▸ **WHAT TO WORK ON**
Reproduce, exactly, the lines of the material below from the line containing "CX081 Recyclable Paper" through the line containing "Champions League Starball T-Shirt Navy", with both end lines included and nothing else.

▸ **SUPPLIED DATA**
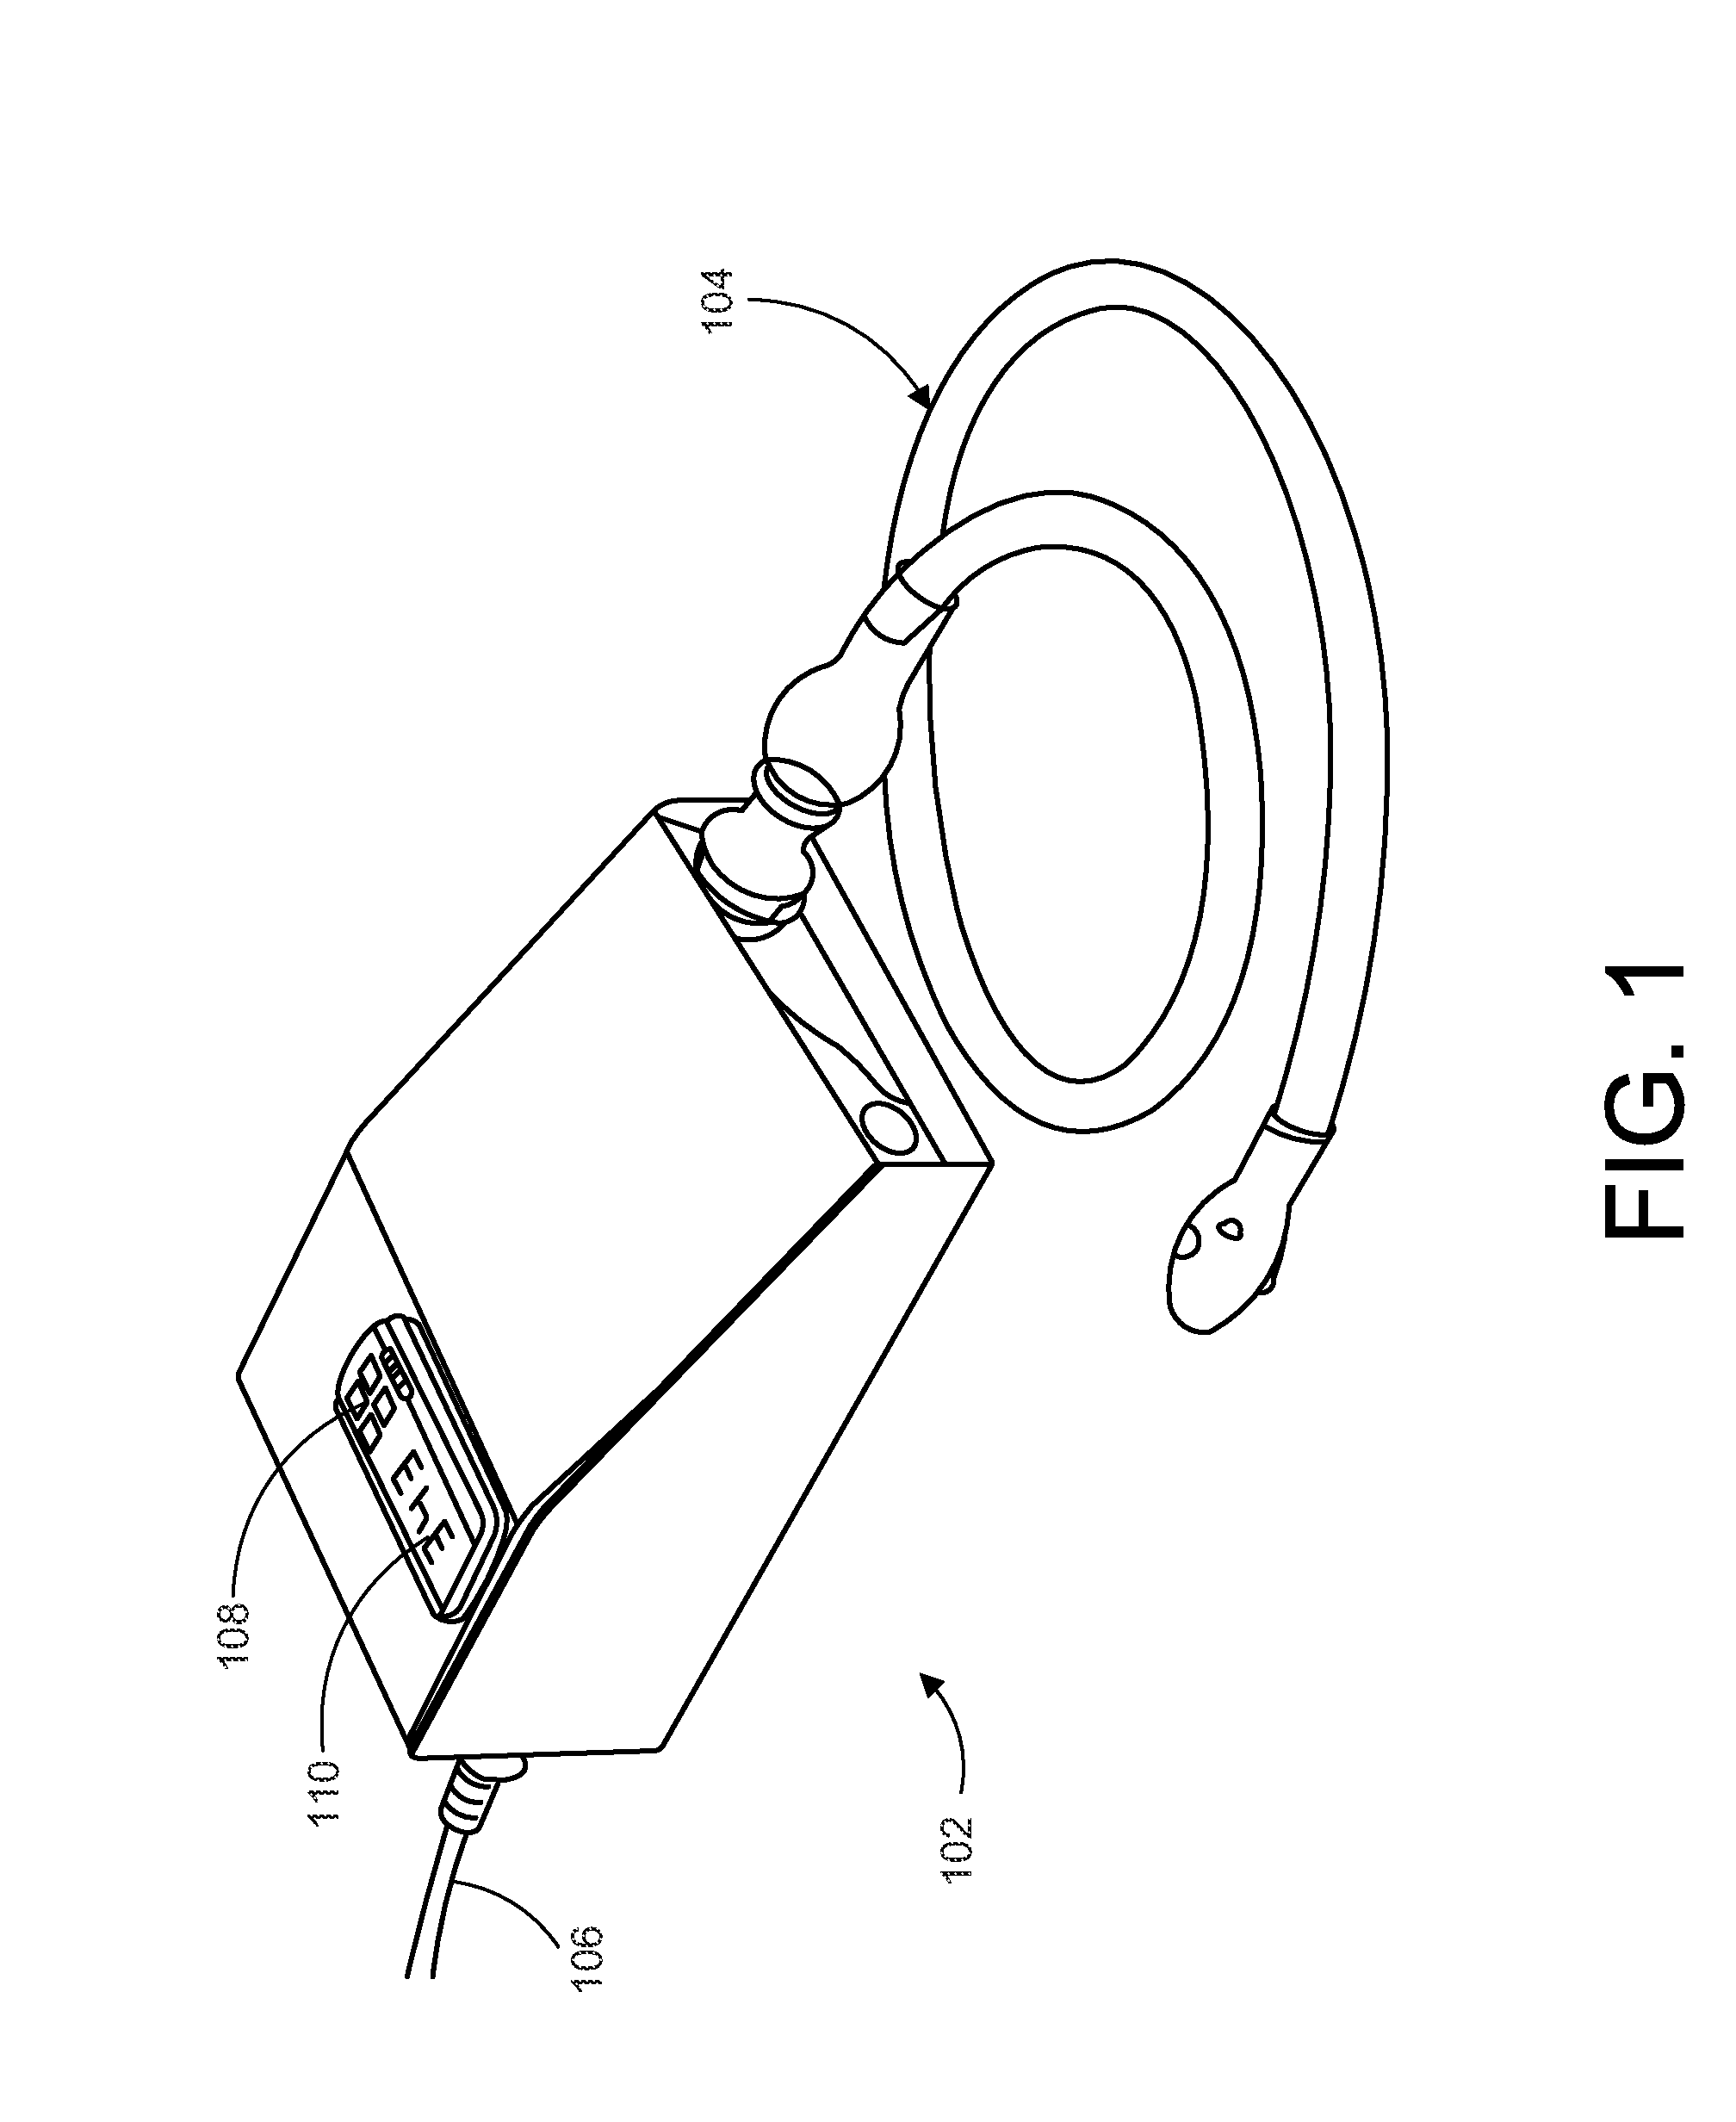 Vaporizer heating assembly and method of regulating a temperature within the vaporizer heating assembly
--
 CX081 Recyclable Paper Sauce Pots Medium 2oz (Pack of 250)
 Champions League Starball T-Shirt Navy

▸ **SOLUTION TO THIS PROBLEM**
 CX081 Recyclable Paper Sauce Pots Medium 2oz (Pack of 250)
 Champions League Starball T-Shirt Navy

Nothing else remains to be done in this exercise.